# create a pipeline using components with Python SDKv2

To create a pipeline you can load registered components or components from a yaml file. Here I do both to create my pipeline.

load the registered data prep component

In [None]:
from azure.ai.ml import MLClient
from azure.identity import DefaultAzureCredential

ml_client = MLClient.from_config(credential=DefaultAzureCredential(), path="./")

data_prep = ml_client.components.get(
    name = "data_prep_diabetes",
    version = <>
)

load the training component from a yaml file

In [None]:
# importing the component package

from azure.ai.ml import load_component

# loading the component from the yml file (not registered one)

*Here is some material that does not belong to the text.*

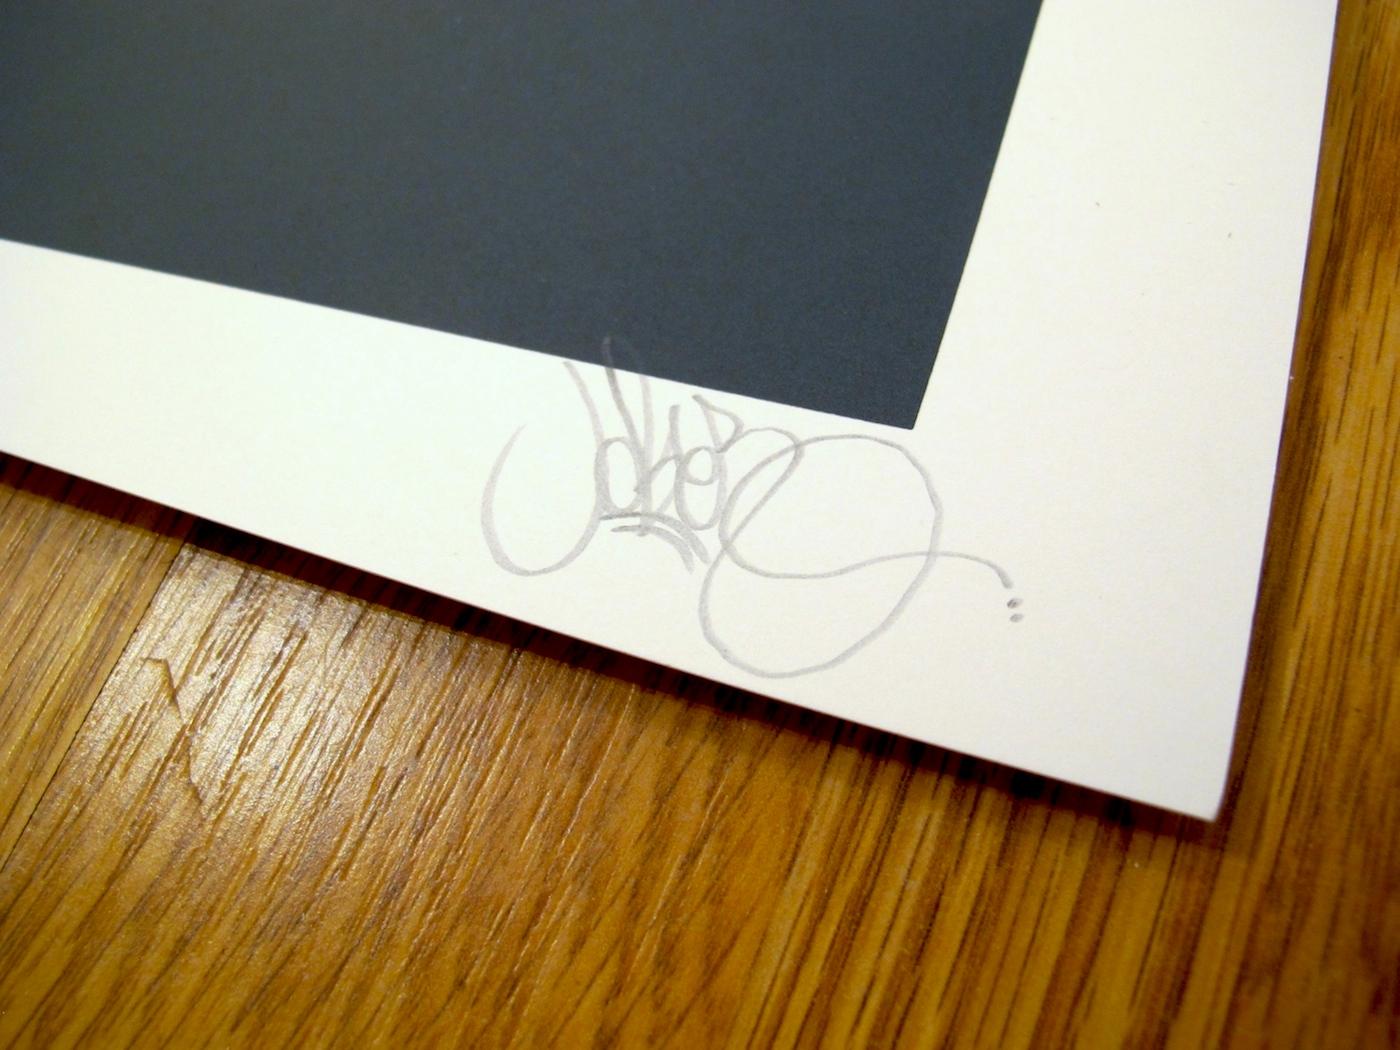 SKIN_Signature.jpg
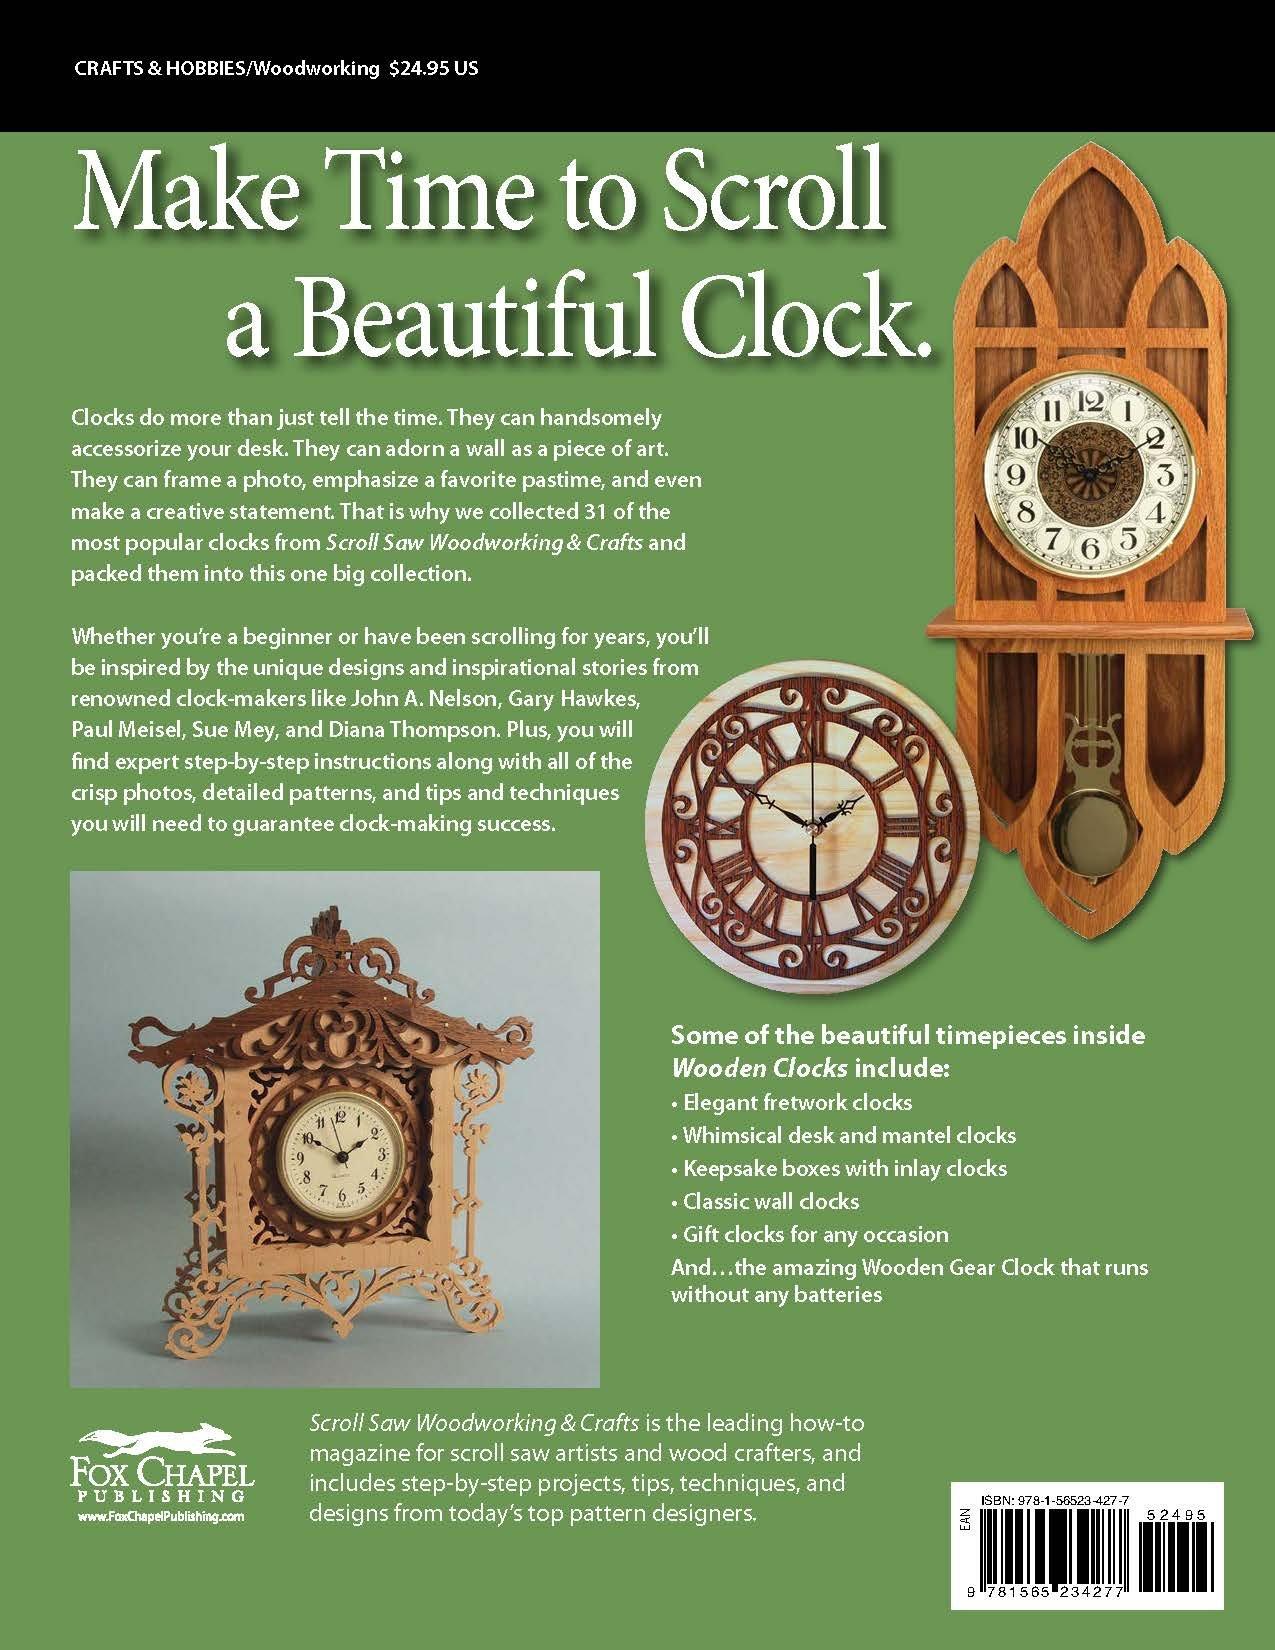 Wooden Clocks: 31 Favorite Projects U0026 Patterns (Scroll Saw Woodworking U0026  Crafts Book): Editors Of Scroll Saw Woodworking U0026 Crafts: 9781565234277: ...

train_component = load_component(source="p04_training.yaml")

create the pipeline

In [None]:
from azure.ai.ml import dsl, Input, Output

@dsl.pipeline(
    compute=<>,
    description= "diabetes pipeline",
)
def diabetes_pipeline(
    pipeline_job_input_data,
):
    #using the data_prep function like a python call with its own inputs
    data_prep_job = data_prep(
        input_data = pipeline_job_input_data
    )

    # using the train_func like a python call with its own inputs
    train_job = train_component(
        prepped_data = data_prep_job.outputs.prepped_data, # using outputs from previous step
    )

    return {
        "pipeline_job_prepped_data": data_prep_job.outputs.prepped_data,
    }


now use your pipeline definition to instantiate a pipeline with your dataset, this example loads my filepath from my data asset (uri file)

In [None]:
diabetes_data = ml_client.data.get(name="diabetes", version="1")
print(f"data asset uri: {diabetes_data.path}")

pipeline = diabetes_pipeline(
    pipeline_job_input_data = Input(type="uri_file", path=diabetes.path),
)

submit the job to our workspace

In [None]:
pipeline_job = ml_client.jobs.create_or_update(
    pipeline,
    #projects name
    experiment_name = "diabetes_classification",
    description = "my description"
)

ml_client.jobs.stream(pipeline_job.name)